Я посмотрел на его ботинки. И ботинки, и ноги внутри ботинок казались неповрежденными. Я счел нужным восстановить справедливость.
— Своя ноша не тянет, — сказал я.
— Ну ты даешь!
— Что да, то да, — сказал подоспевший Кляузевиц. — Он тебе даст, если догонит. Угощаешь?

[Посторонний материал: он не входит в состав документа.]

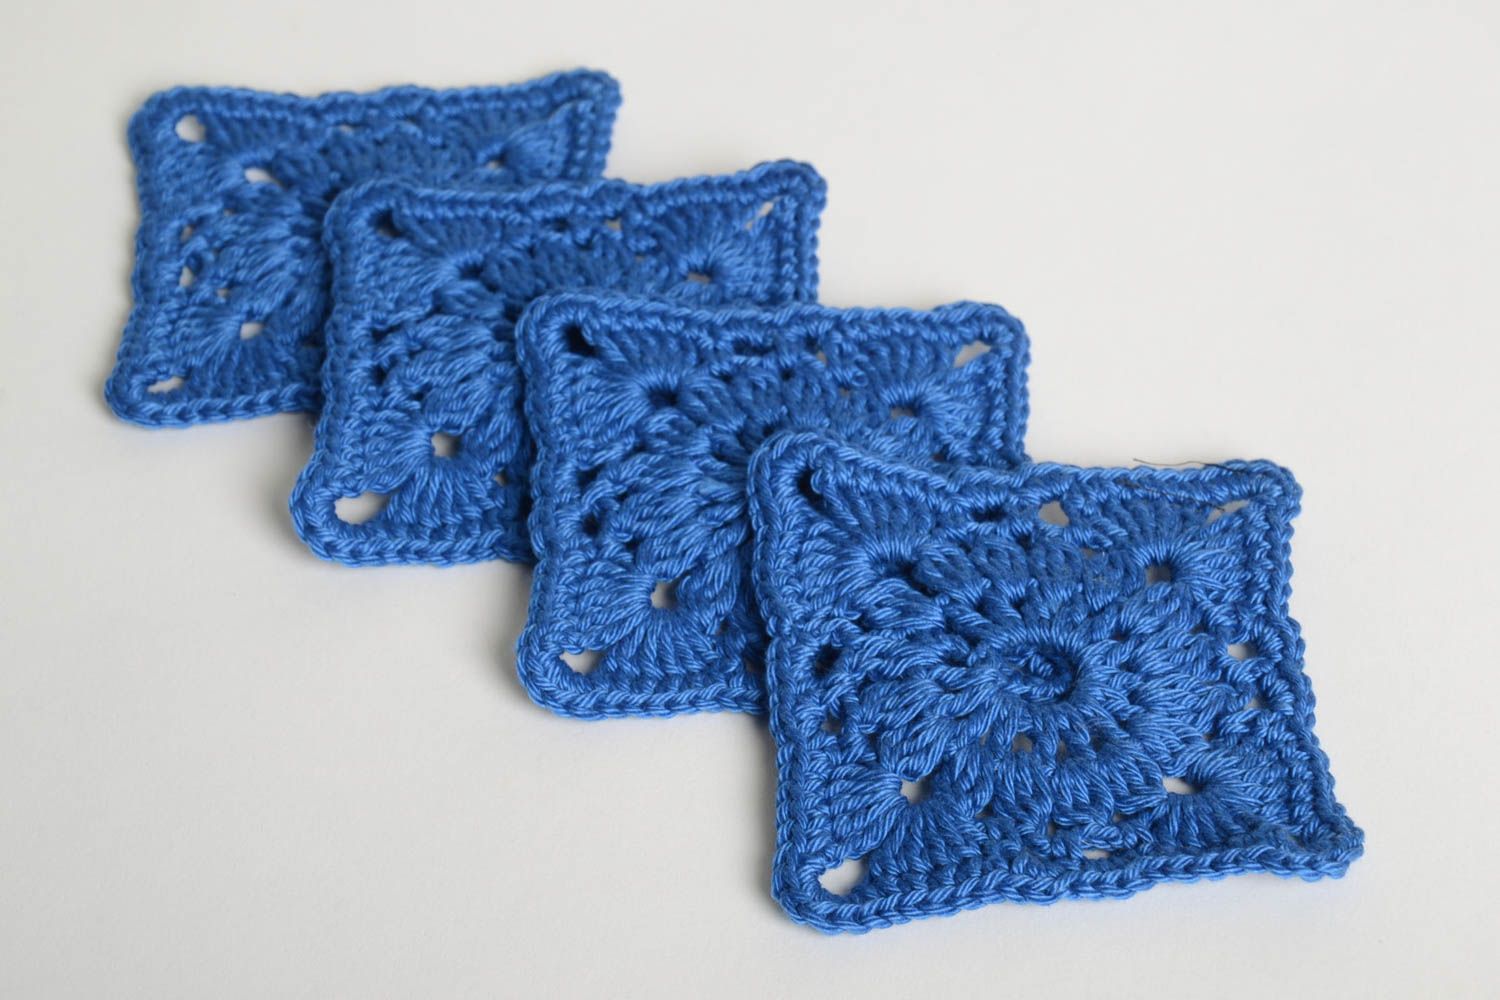 Cute handmade hot pads 4 pieces crochet coaster home textiles kitchen supplies photo 5

Я подумал, что неразборчивость когда-нибудь — может, даже прямо сейчас — приведет его в могилу. Но вместо могилы кожаный мужик придвинул ему стул.
— Присаживайся.
Захожу я, сказал Кляузевиц, присаживаясь, в клозет, а там какой-то пижон веселится, глаза на полвторого. Ну, чего, спрашиваю, увидел солнце, белый огонь? Солнце, говорит, у тебя в голове, а не на небе; ты и жизнь, и солнце, и золотой луг, и герой, прикованный к скале, — всё сразу; становишься собой, когда перестаешь собой быть, перестаешь считать себя разрозненным фрагментом неизвестно какого бытия. Ну, говорю, мне эти муки оккультизма недоступны, что плохого в разрозненных фрагментах. Нет, говорит, этот мир фальшивка, фальшивые слова и чувства, хочу настоящего. Смотрю на него — на ногах стоит твердо, во взгляде некоторый род братской любви. Сейчас, думаю, предложит билет в Тартар по дешевке. Так что, возьмем?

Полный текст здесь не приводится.